Start: Open the Website Wizard
From Documents, click Add Document and choose Add Website to open the 3‑step wizard.
Wizard Step 1: Basic Info
- Name: A recognizable label for this website source.
- URL: The site or section root to ingest (e.g.,
https://www.example.com/
). - Description: (Optional) Short note about the site’s content or purpose.
Wizard Step 2: Crawl Options
- Ingest PDF: Also process PDFs discovered during crawling.
- Show Histogram before continue to ingest: Preview a URL histogram to review and filter before saving any data.
- Filter By Language: Ingest only pages detected for selected languages.

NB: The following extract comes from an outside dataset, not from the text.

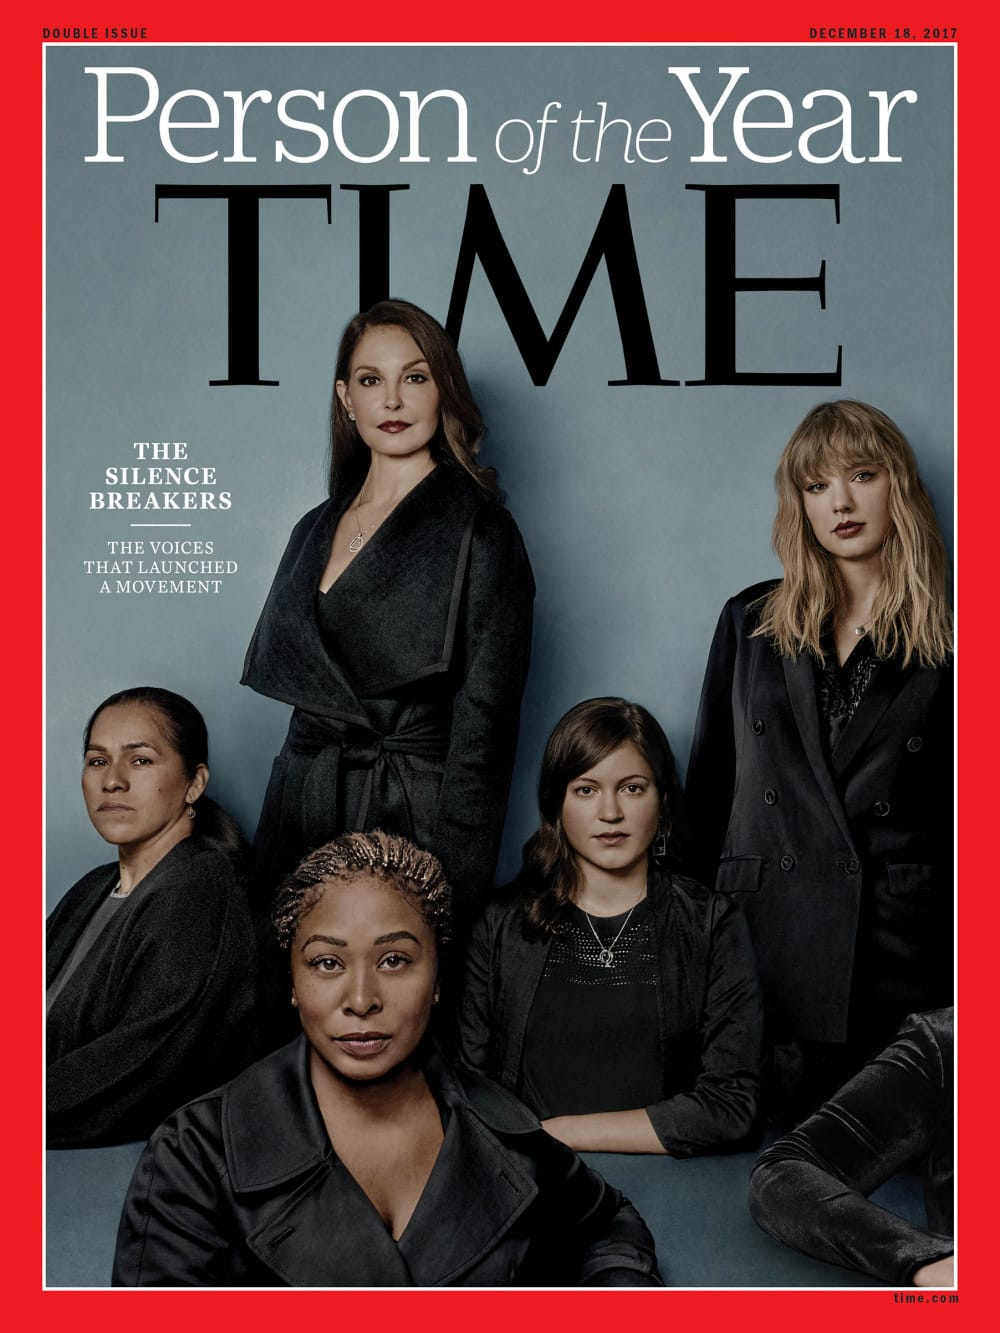 "Time" Person of the Year 2017

- Include Patterns: URL substrings to include (one per line, e.g.,
/en/
). - Exclude Patterns: URL substrings to exclude (e.g.,
/archive/
,/test/
).
Wizard Step 3: Advanced
-
Authentication Type:
None
for public sites (default).Basic
for username/password.Token
for token-based authentication (beta).
-
Request Type:
-
Auto
(default): ai12z chooses the best mode for each page. -
Synchronous
: Fastest, for traditional sites. -
Asynchronous
: Uses a headless browser, for sites that load data with JavaScript. -
Advanced Mode
: For sites with extra protection—additional charge per page. -
Headers: Rare to use, sometimes for security
-
-
Force Crawl: Ignore the sitemap and crawl the site. Use when the sitemap is missing, stale, or blocked. Enabling this also bypasses WordPress API ingestion.
-
ai12z user-agent: Identify as
ai12zCopilot/1.0
if required by your site. If not checked a common user-agent is used.
Warning: Adjust advanced settings only if you understand the impact. Non-optimal settings can lead to incomplete or failed ingestions. Advanced Mode incurs an extra $0.0025 per page.
Note: Prefer a CMS connector when available; only scrape sites when you do not have a CMS connector.
What Happens Next: Robots.txt & Sitemap Extraction
-
ai12z checks the
robots.txt
file and sitemaps for allowed paths and crawl delays. -
Progress is shown as the system parses sitemaps and prepares for ingestion.
If the process will take a while, you can close your browser or log out. You'll receive an email when it's ready for review.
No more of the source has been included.